OK, so we have an idea of the most important variables. Let pick 4 simple ones (from the first plot of the feature importance) and make a linear model, for instance:

  1. MolLogP (Wildman-Crippen LogP value.)

  2. MolWt (The molecular weight.)

  3. MinPartialCharge (Smallest Gasteiger partial charge.)

  4. NOCount (Number of Nitrogens and Oxygens.)

[36]:
variables2 = [
    "MolLogP",
    "MolWt",
    "MinPartialCharge",
    "NOCount",
]
[37]:
X_raw2 = rdkit_descriptors[variables2].to_numpy()

X_train2, X_test2, y_train2, y_test2, scale_x2, scale_y2 = split_and_scale(
    X_raw2, y_raw
)
[38]:
from sklearn.linear_model import Lasso
from sklearn.model_selection import GridSearchCV
[39]:
%%time
parameters = {
    "alpha": np.logspace(-3, 0, 20),
}
grid = GridSearchCV(
    Lasso(fit_intercept=False, max_iter=10000),
    parameters,
    cv=10,
)
grid.fit(X_train2, y_train2)
model2 = grid.best_estimator_
model2
CPU times: user 201 ms, sys: 3.51 ms, total: 204 ms
Wall time: 169 ms
[39]:
Lasso(alpha=0.00206913808111479, fit_intercept=False, max_iter=10000)
In a Jupyter environment, please rerun this cell to show the HTML representation or trust the notebook.
On GitHub, the HTML representation is unable to render, please try loading this page with nbviewer.org.
[40]:
plot_test_train_model(model2, X_train2, y_train2, X_test2, y_test2)
posts_2022_esol_esol_59_0.png

The simplified model is:

[41]:
from IPython.display import display, Math

terms = [
    f"{i:.2g}×(\\text{{{var}}})" for i, var in zip(model2.coef_, variables2)
]
equation = "y =" + "".join(terms)
display(Math(equation))
y = 0.76 × ( MolLogP ) 0.2 × ( MolWt ) 0.3 × ( MinPartialCharge ) 0.27 × ( NOCount )

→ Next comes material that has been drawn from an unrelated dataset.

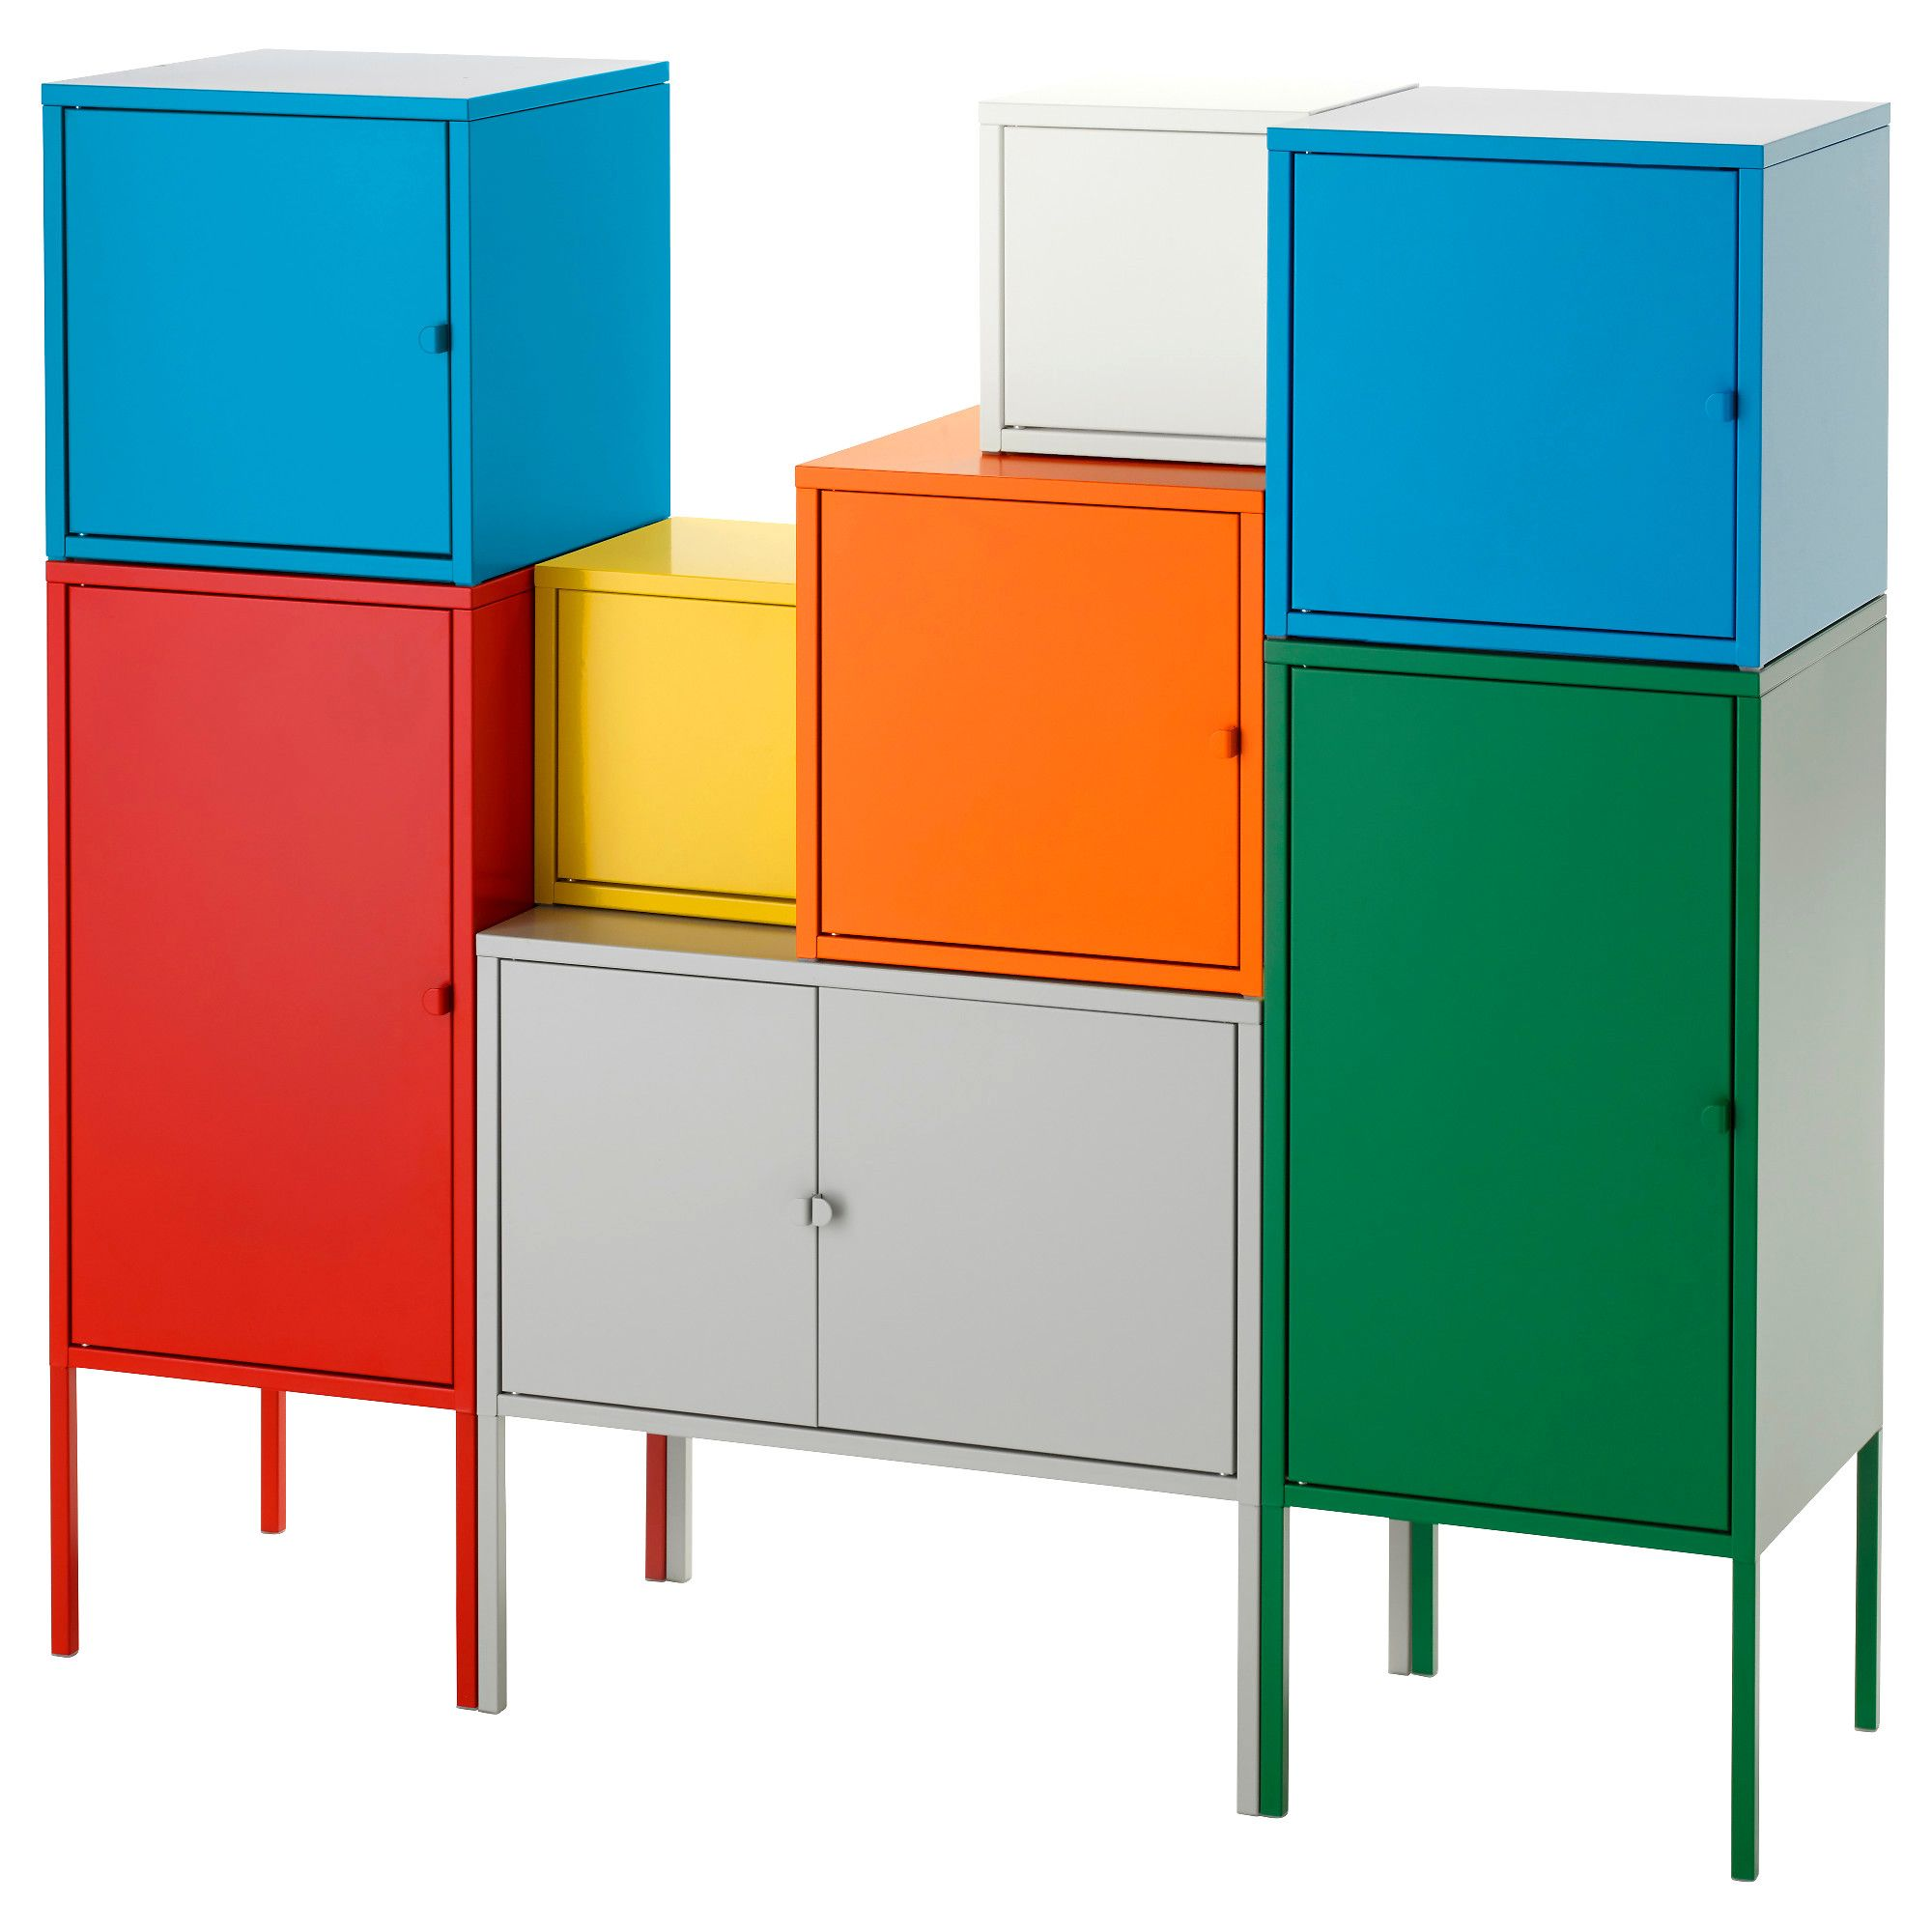 Image result for ikea lockers metallo Ikea, Cupboard

This simplified model has a performance similar to the ESOL model.

Summary#

  • The CatBoost model for the solubility is pretty good with a coefficient of determination of 0.93 for the test set. And this was without tuning hyper-parameters.

  • The feature importances and shap values help understand the influence of the different features and based on these, a simplified model (with 4 variables) can be created that is performing similarly to the original ESOL model.